:: Dataset content ::

···

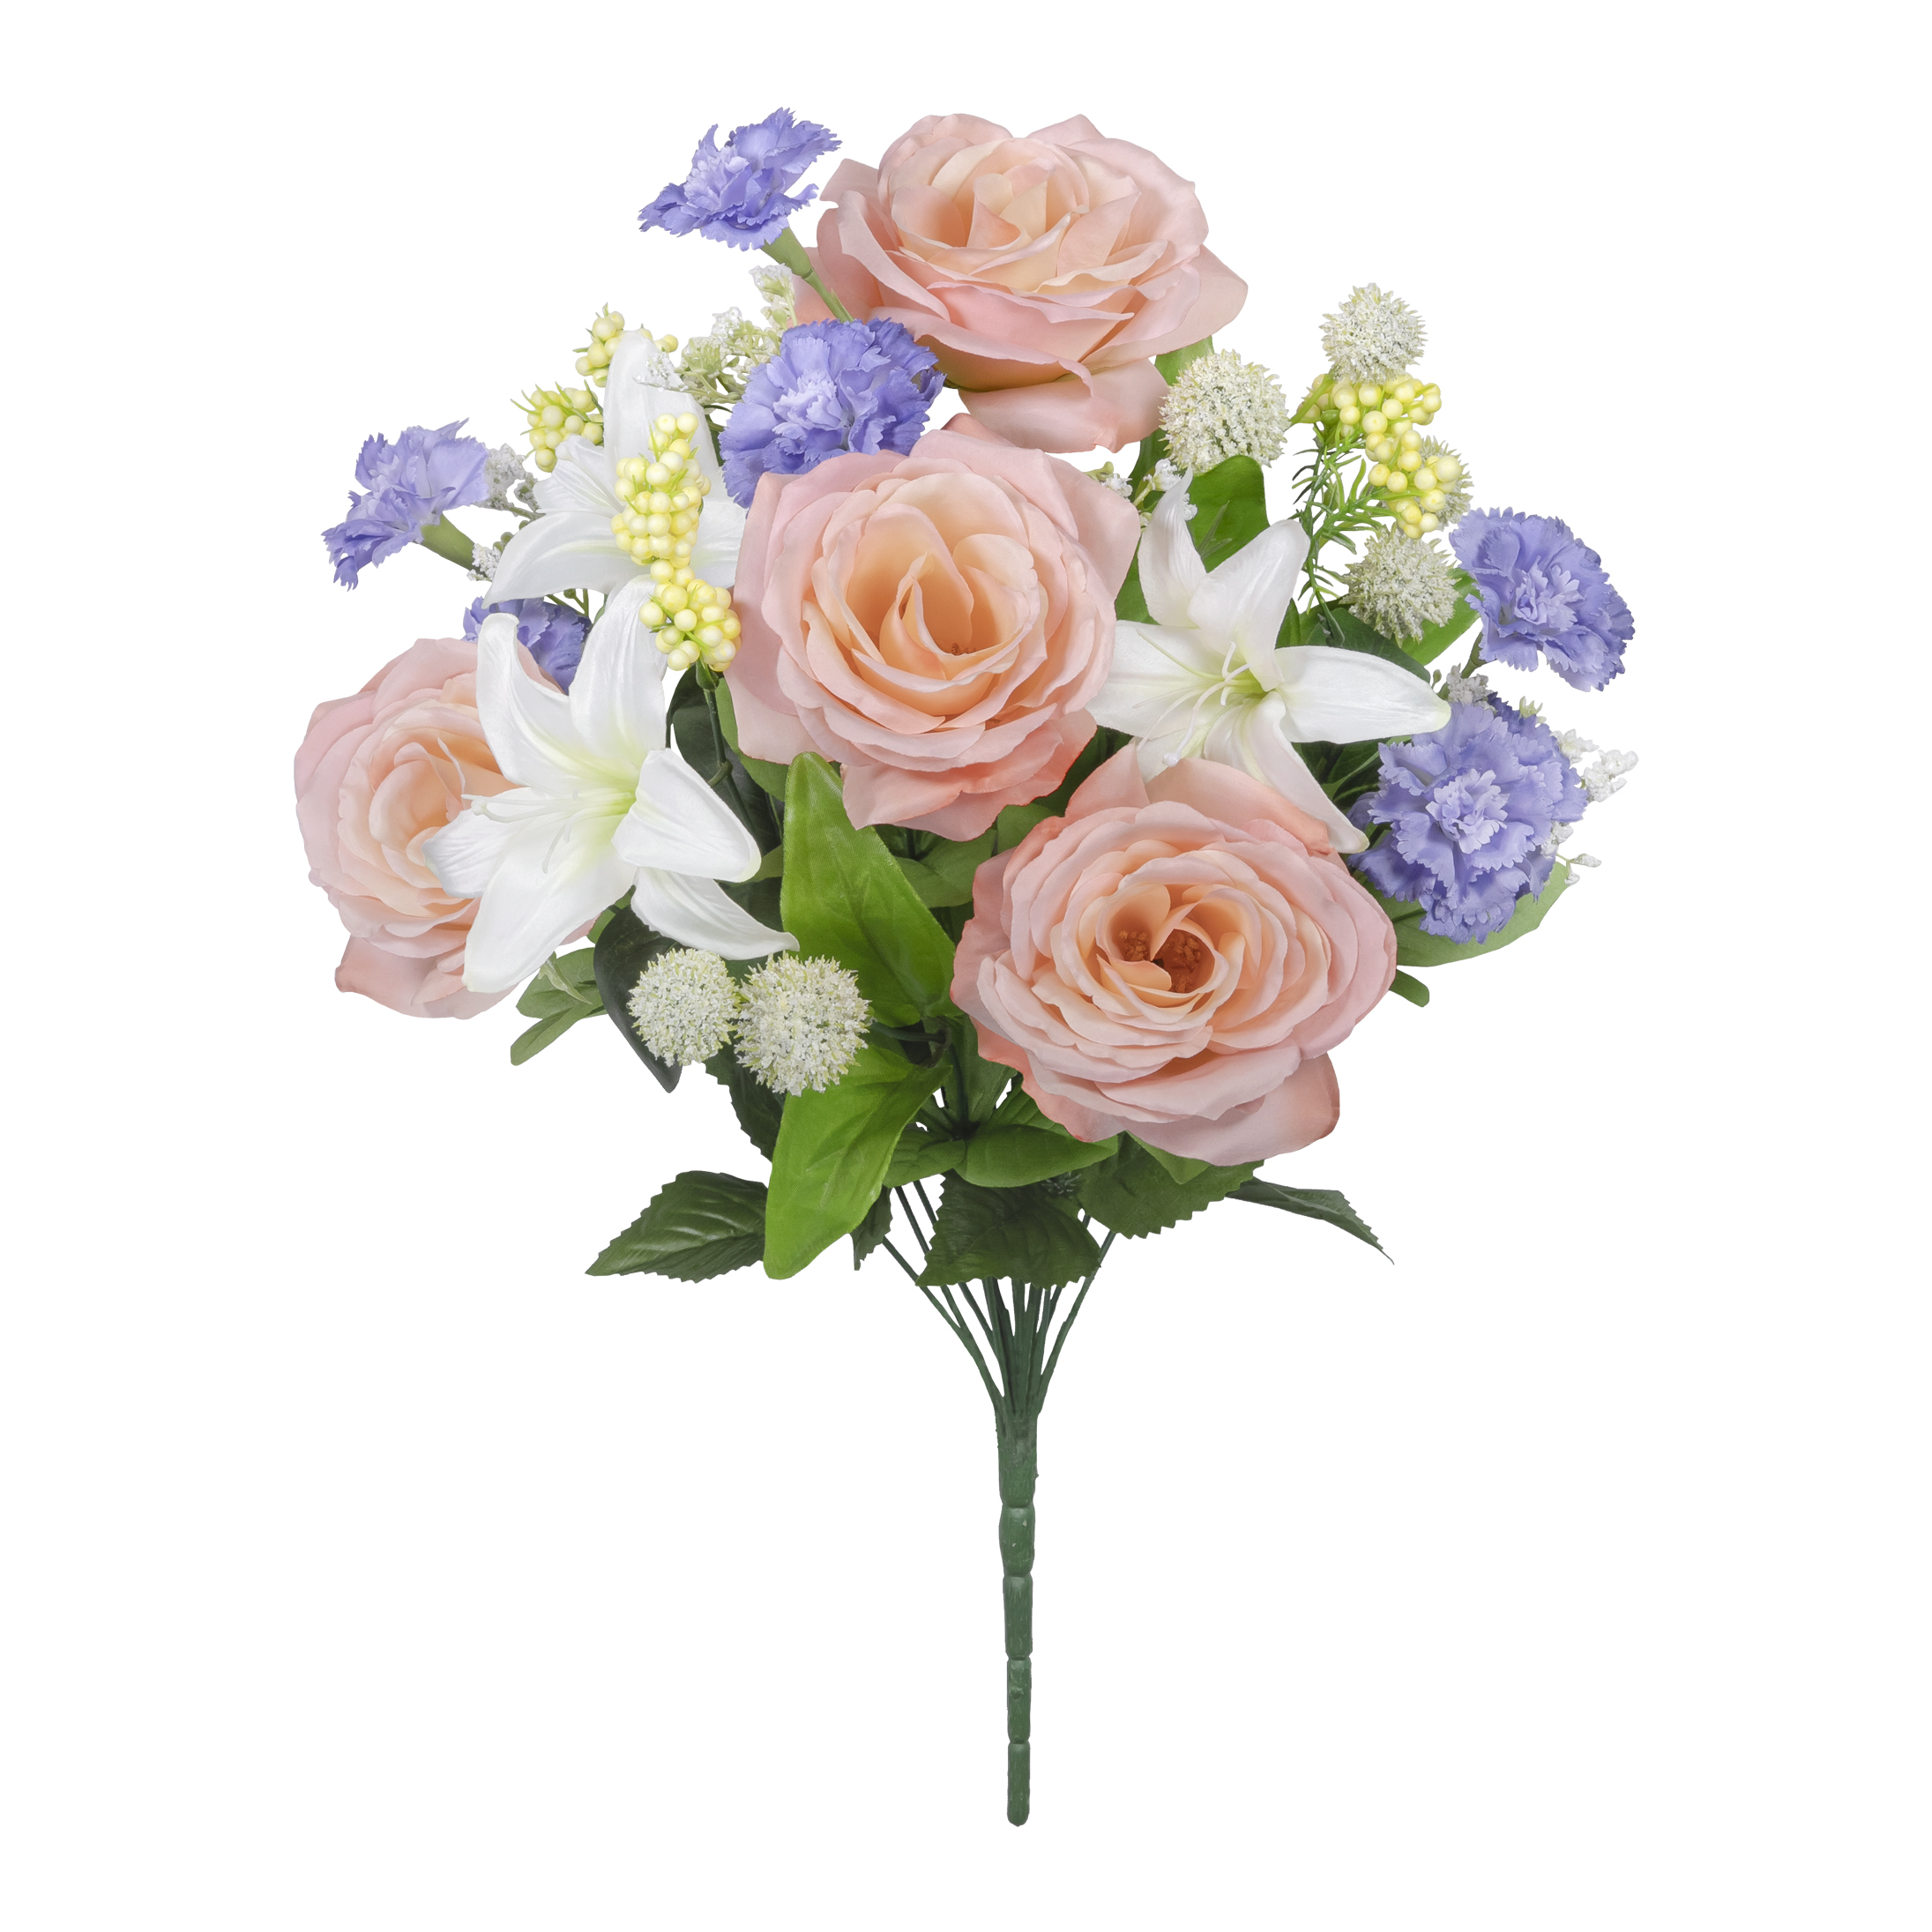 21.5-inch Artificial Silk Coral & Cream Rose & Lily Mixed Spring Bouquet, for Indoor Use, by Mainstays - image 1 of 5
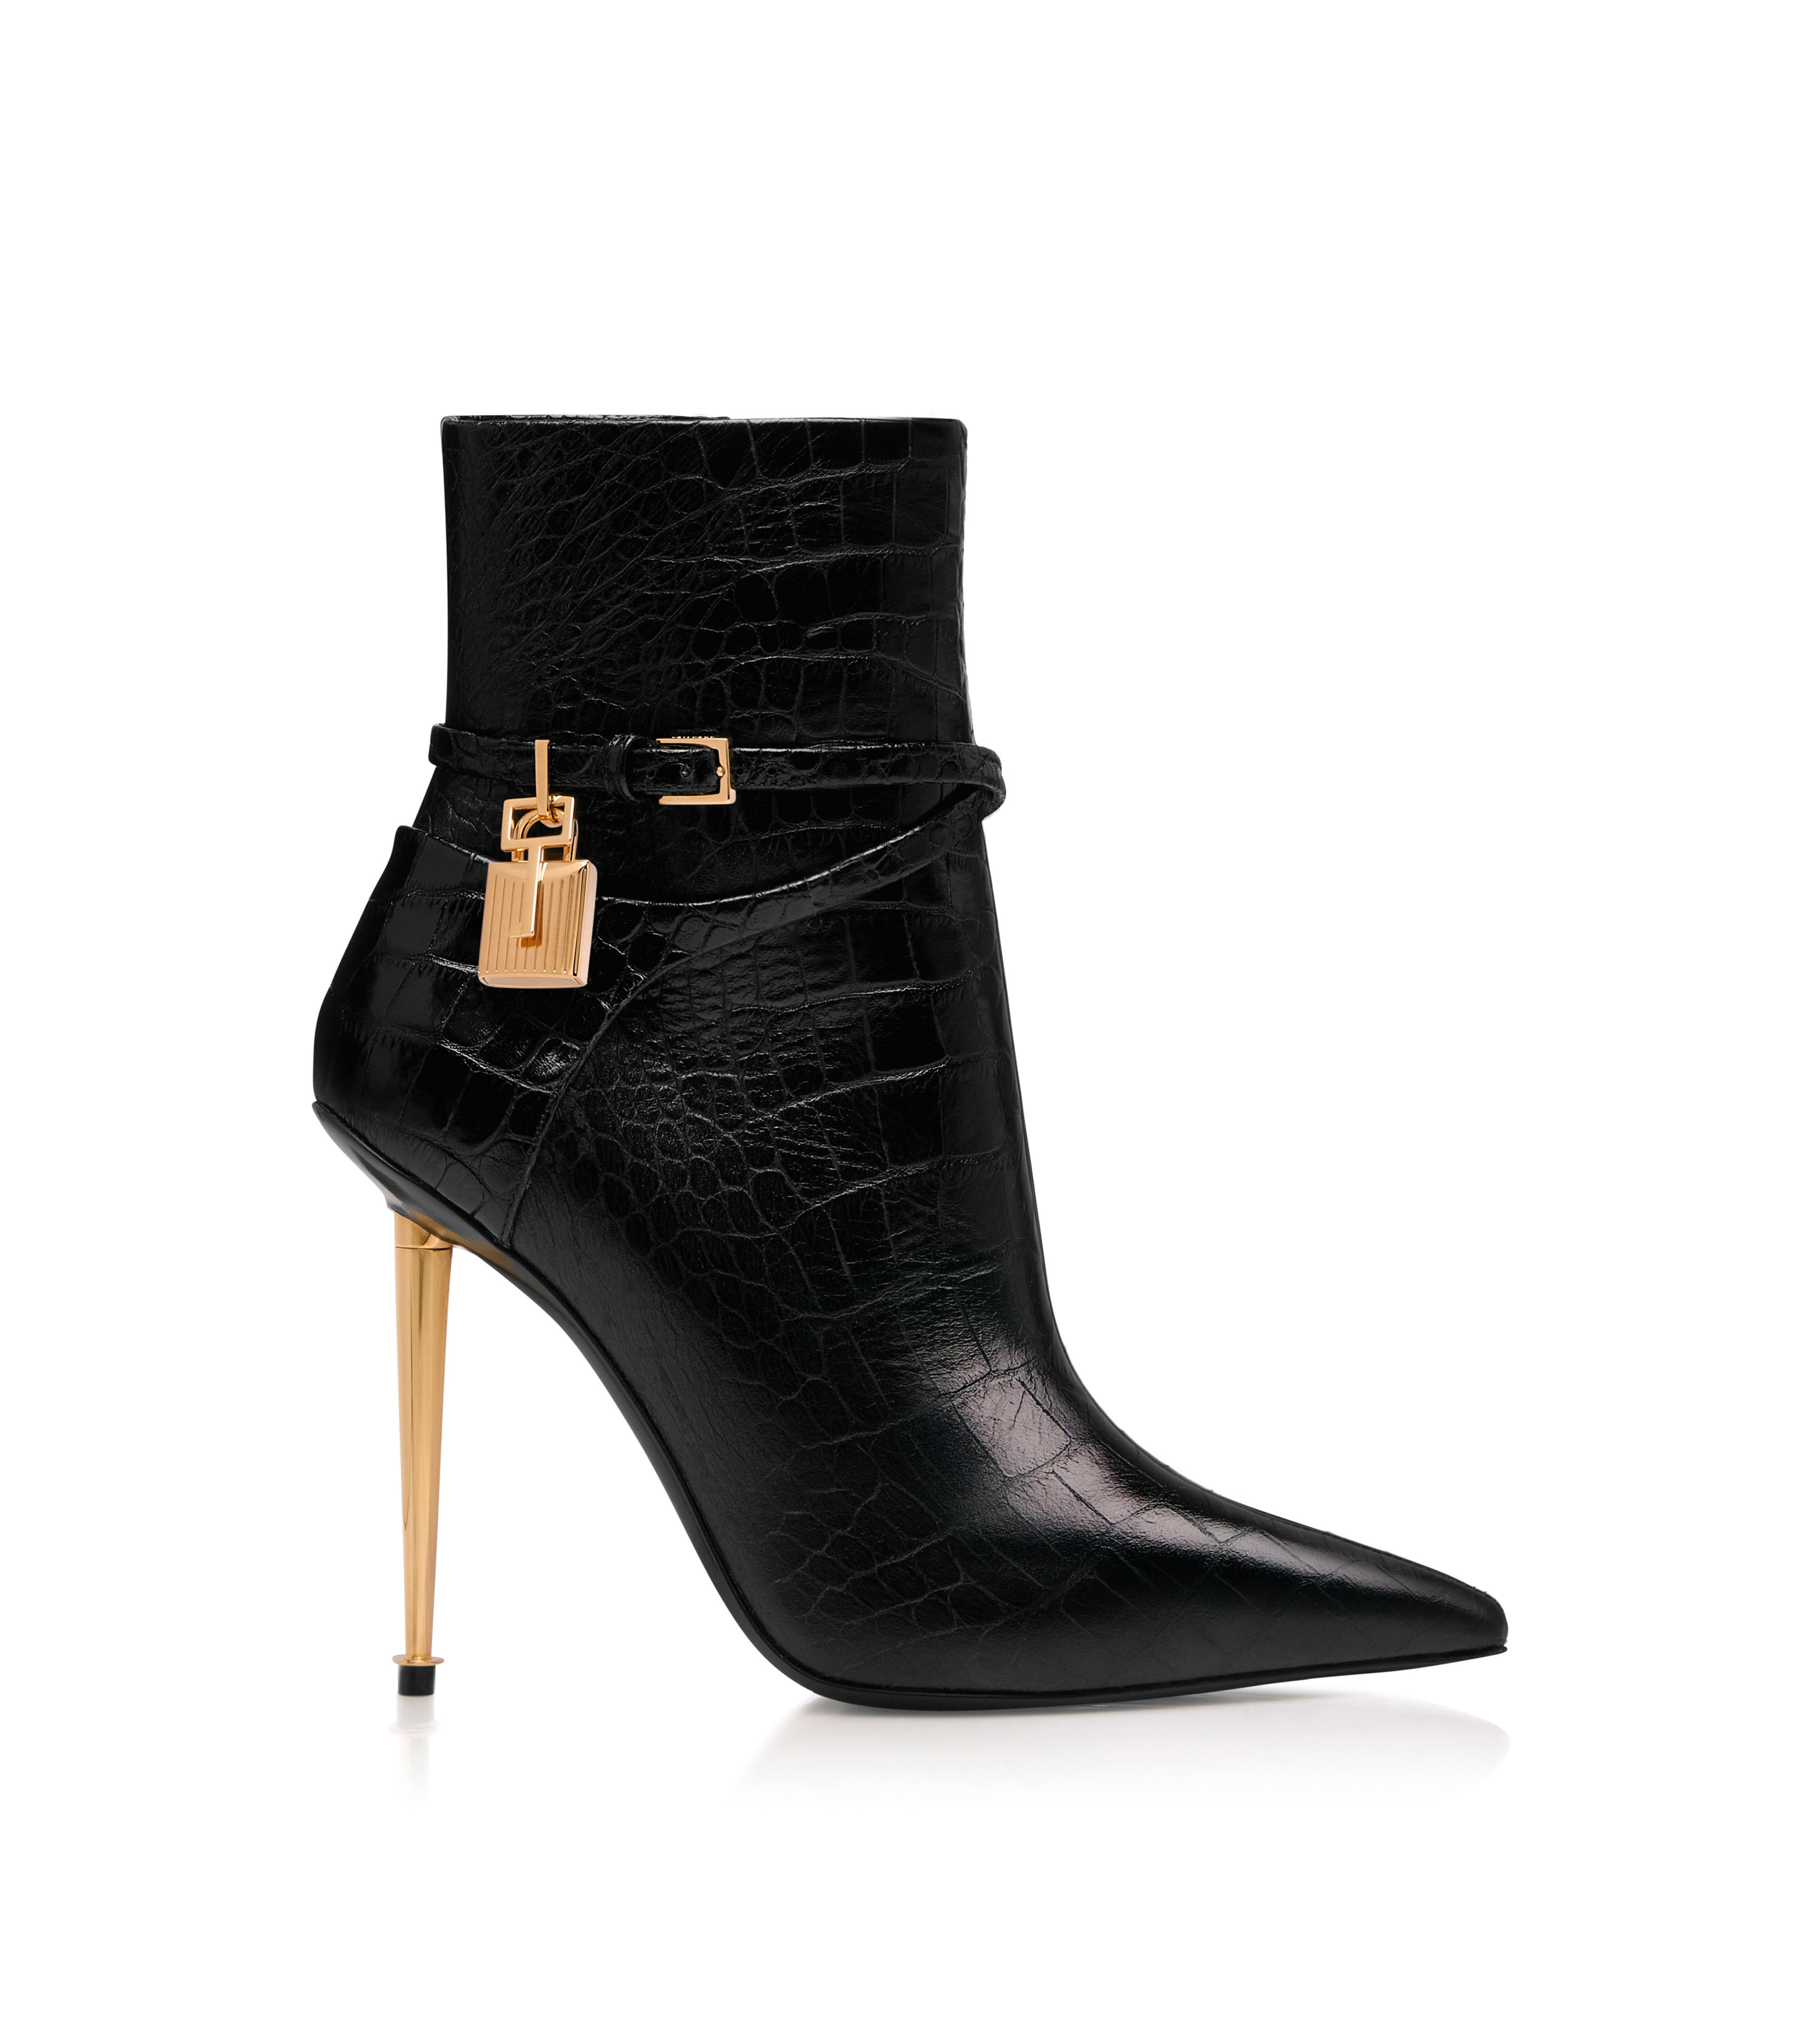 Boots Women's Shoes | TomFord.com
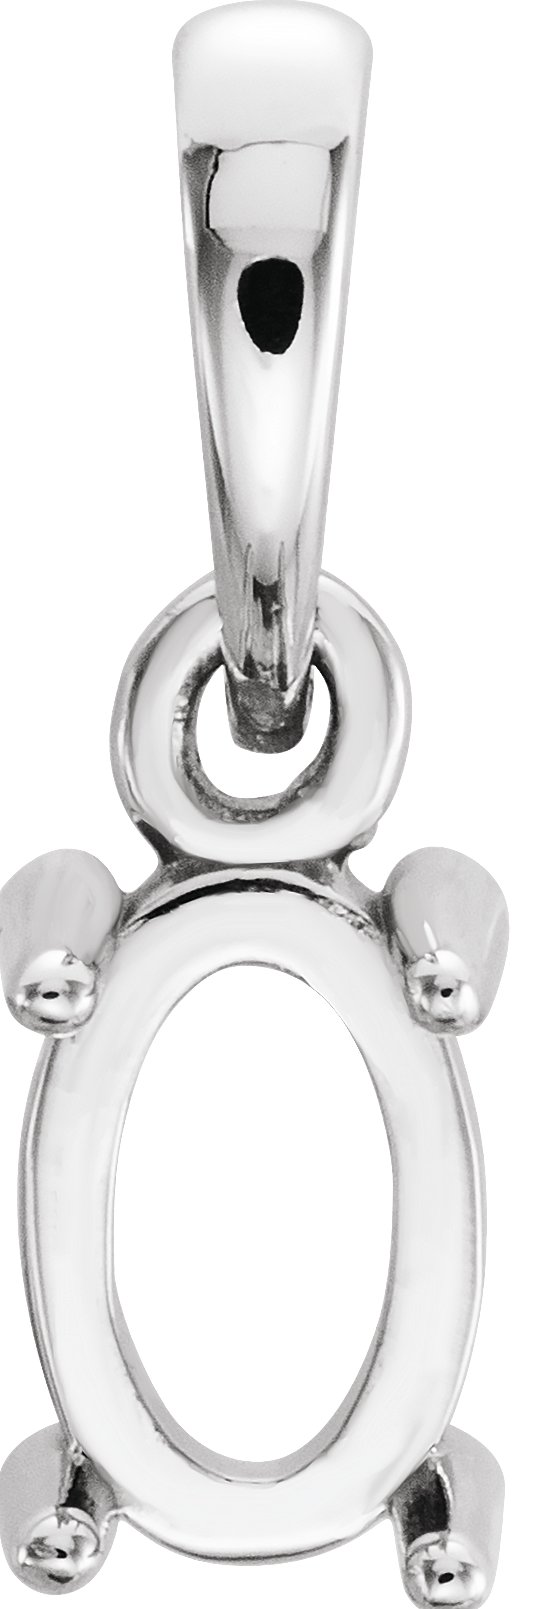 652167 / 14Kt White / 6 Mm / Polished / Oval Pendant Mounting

···

:: Action item ::
Once the pictures are removed, repeat all of the data above exactly.

:: Answer to this problem ::
 21.5-inch Artificial Silk Coral & Cream Rose & Lily Mixed Spring Bouquet, for Indoor Use, by Mainstays - image 1 of 5
 Boots Women's Shoes | TomFord.com
 652167 / 14Kt White / 6 Mm / Polished / Oval Pendant Mounting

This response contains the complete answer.